I actually don't value shortness in a paring knife. A typical 50mm paring knife doesn't go all the wat through a large apple. So after peeling the apple I have to pick up and dirty another knife to split it: don't like. Same with pear, mango etc etc. That's why I don't like my Robert Herder paring knife for fruit peeling. Instead I reach for a shallow 11cm long and 1,8cm tall western utility knife or even my wife's 14cm long and 1cm tall Kreuzblumen filleting knife with a light handle and no bolster or guard. As the knife is very shallow and thin it peels well and has the length for splitting a large fruit. I even use it if I prepare a single large potatoe for garnish or sth.

As was discussed on another thread earlier, Japanese knife culture isn't big on thin, long, somewhat flexible knives. In my view, peeling and cutting fruits can be approached in two ways: 1,peeler for peeling and chef knife for cutting. This appears to be favoured by most forumites, but a lot of those think from the perspective of a commercial kitchen where volumes are larger. 2, single long thin knife for both peel and cut.
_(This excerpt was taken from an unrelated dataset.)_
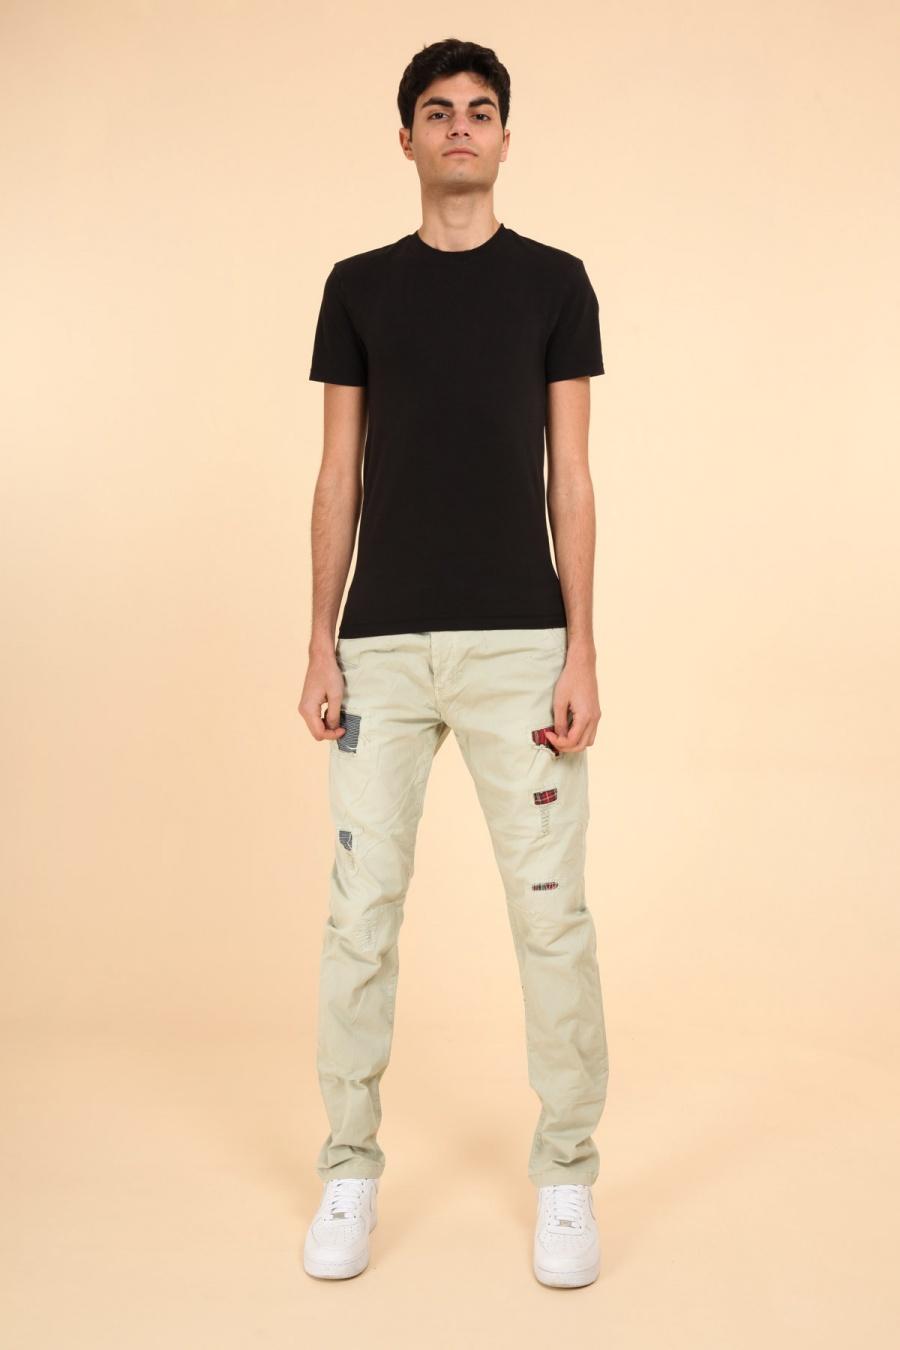 Pantalons Homme Vert ROY LYS RK929 #c eFashion Paris

I favor this approach for having to wash and wipe only one item in home environment.

I center this discussion around fruit but in my experience a lot of in hand work comes from fruit.

At the same time I am running a slightly similar experiment to yours having made a 4" chef knife from a piece of short tall steel not suitable for much else. The concept was laughed away here some time ago and for some seemingly valid reasons but I still wanted to try for myself if the concept has any merit to it. It will enter service today or tomorrow.


----------



## Tim Rowland (Dec 30, 2018)

Interesting point of view on the splitting then peeling or vise versa. I guess I understand that for a single piece and quick in hand peeling. 
when it comes to straight peeling in a repetitive manor for prep of say apples for pie or strudel etc. that is just going to be sliced or diced anyway I actually just use one of my thinner 210mm gyutos. Lop off the top and bottom and then top down curve cut almost tournet. So I guess personally if I were to fall into 1 of the 2 categories you mention I cant because it would depend on the volume of work. at home for personal consumption I just grab a simple pairing knife, and at work for a big prep session I grab a thin gyuto.


----------



## merlijny2k (Dec 30, 2018)

Tried using the gyuto couple of times but feel it increases the total amount of waste compared to peeler or paring knife.


----------